Where next for wind turbine control?

The control of wind turbines is not a new endeavour, nor is it niche. In fact, as early as 1990, over 70 published references were available on the various aspects of wind turbine control [1]. Now, a little over 25 years later, you would be hard pressed to keep up with every development in the field. The simultaneous rise in society’s focus on renewable energy sources and the proliferation of modern control methods have made solutions to wind turbine control problems academically attractive and commercially necessary. As the ability to exploit modern control techniques has progressed, the industry has responded quickly in assimilating them. The result of this is that controllers for modern wind turbines allow for previously impossible wind turbine designs and continue to force down the cost of energy from wind [2]. Back in 2007, who would have thought that a 126 metre rotor on a 3MW wind turbine was an economic choice? [3]

Improving turbine performance through its controller is typically catalysed by an increased understanding of the machine or its environment. For example, the advent of high fidelity modelling tools has empowered engineers to design controllers that specifically allow the damping of structural resonances in the turbine [4]. The availability of nacelle mounted LiDAR has enabled the design of controllers to exploit future wind speed information [5]. Although the balance of performance improvement versus robustness must be navigated carefully, the future of wind turbine control is closely coupled with how well we understand the turbine, its interaction with the environment and in a broader sense, its place in the energy landscape.

Looking at it from the individual turbine perspective; traditional control methods often have ‘patches’ applied to solve situations that are outside the norm. A lot of ‘do this, but if that happens then do this other thing, but only if this third thing is also happening…’; is quite exhausting! Now imagine a controller that commands the pitch and torque jointly, so that fatigue loads are reduced and energy capture is maximised under normal conditions. If the wind conditions become extreme, the controller knows that it needs to become more aggressive to meet its objectives and knows how to trade off the remaining fatigue life, against annual energy production. Furthermore, no specific scenarios have been pre-computed! Tools already exist that allow us to simulate a virtual wind turbine within the control system that can be used to optimise how the turbine functions [6]. We give the controller:

  • an objective: ‘make as much power as possible but keep the loads within bounds’;
  • give it an understanding of how control actions will affect the behaviour of the wind turbine in the near future;
  • let it know the bounds of the turbine’s abilities;

and then let it work out how best to achieve its goals.

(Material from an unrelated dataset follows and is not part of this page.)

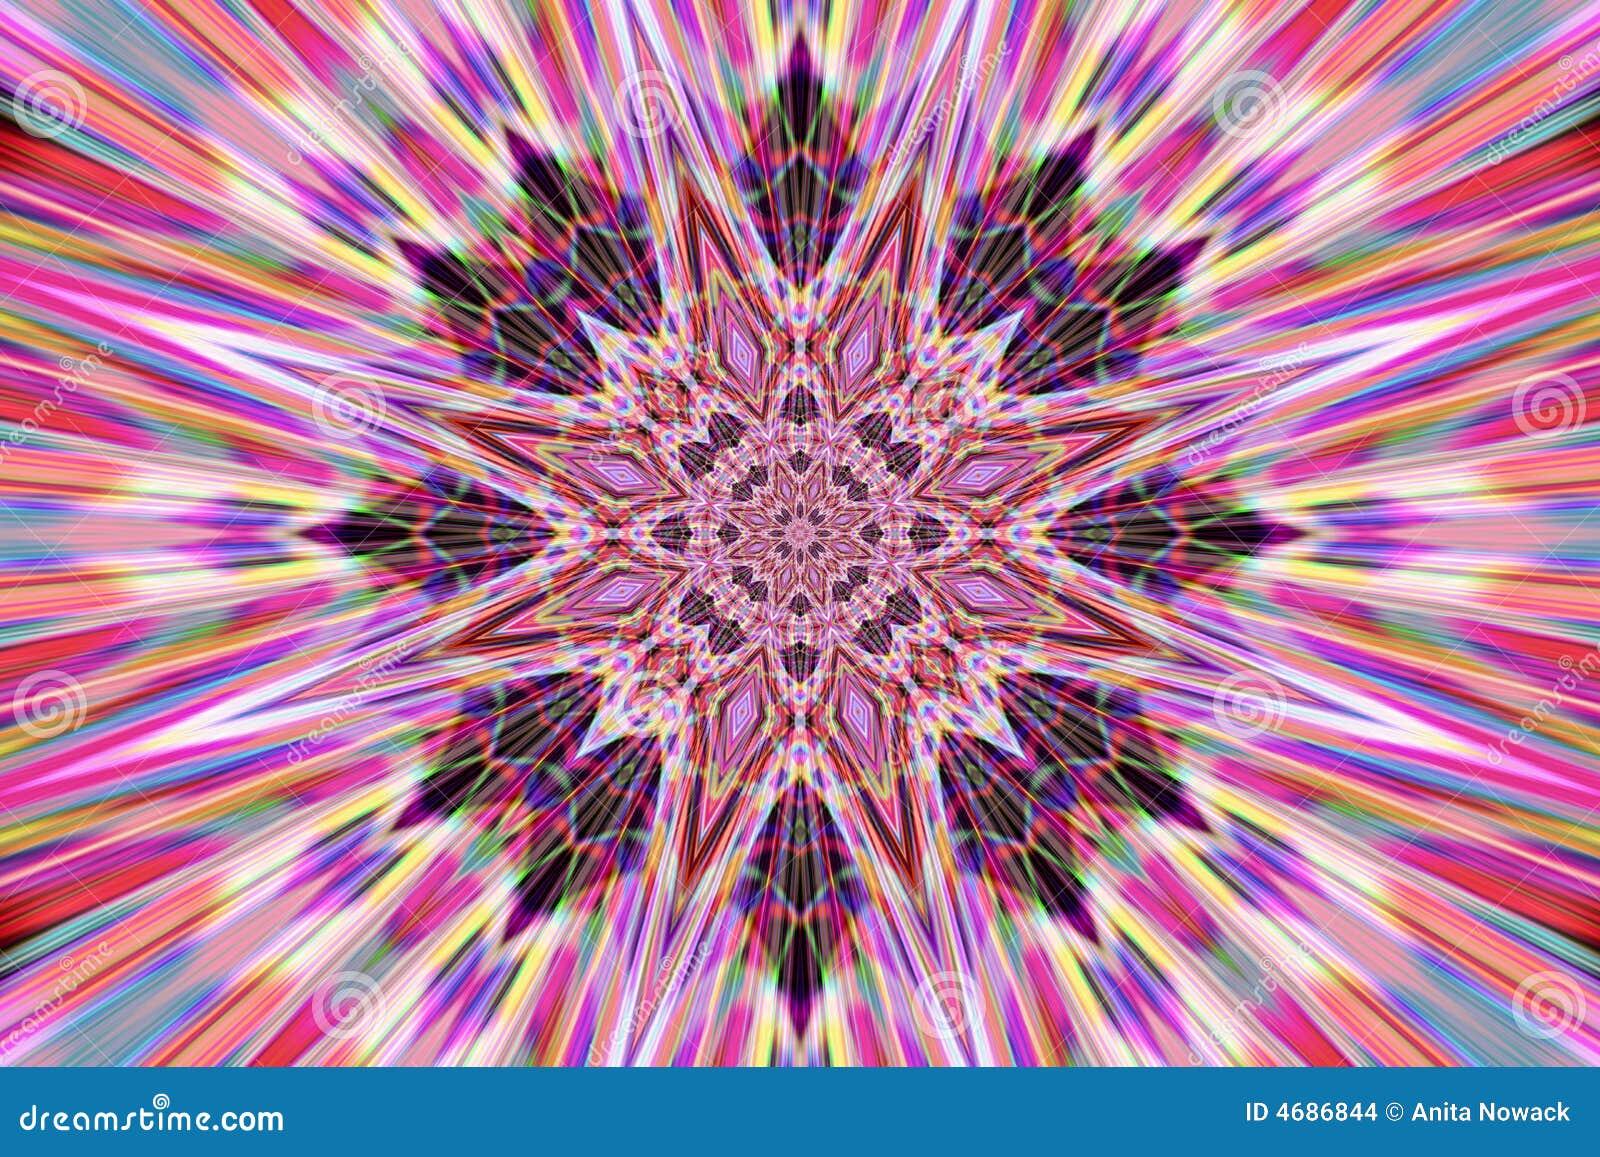 Mandala abstrakcyjne

Not only are patches unnecessary, but as we gain access to higher computational power, more efficient algorithms, a wider gamut of sensors and a deeper understanding of the wind turbine itself, we can include this new information into the modelling and prediction process and the controller’s objectives.

While the control of individual turbines is a key driver in turbine designs, the control of a wind turbine in relation to its place in the energy landscape has become a new target. The industry is now embracing a holistic view of an entire wind farm, as a single power plant and how each member of the power plant cooperates for the best performance as a unit. Significant effort is being placed on determining the best ways of controlling turbines, so that energy capture is maximised and fatigue loads are minimised across a wind farm, based on the instantaneous environmental conditions [7]. Enabled by the growing knowledge-base of turbine-wake interactions[8], the approaches show potential step changes in wind farm production and lifetime fatigue loading.

Controlling the wind farm itself can also assist the performance of the wider grid that it is connected to. Rightly or wrongly, it is not uncommon to hear about how distributed generation can destabilise an otherwise solid grid. But exploiting each modern wind turbine’s variable speed power converter allows a wind farm to actually provide grid support functionality [9]. By understanding grid connection characteristics, the grid performance requirements and the site specific environmental conditions, the turbine and wind farm control systems can provide valuable grid support services.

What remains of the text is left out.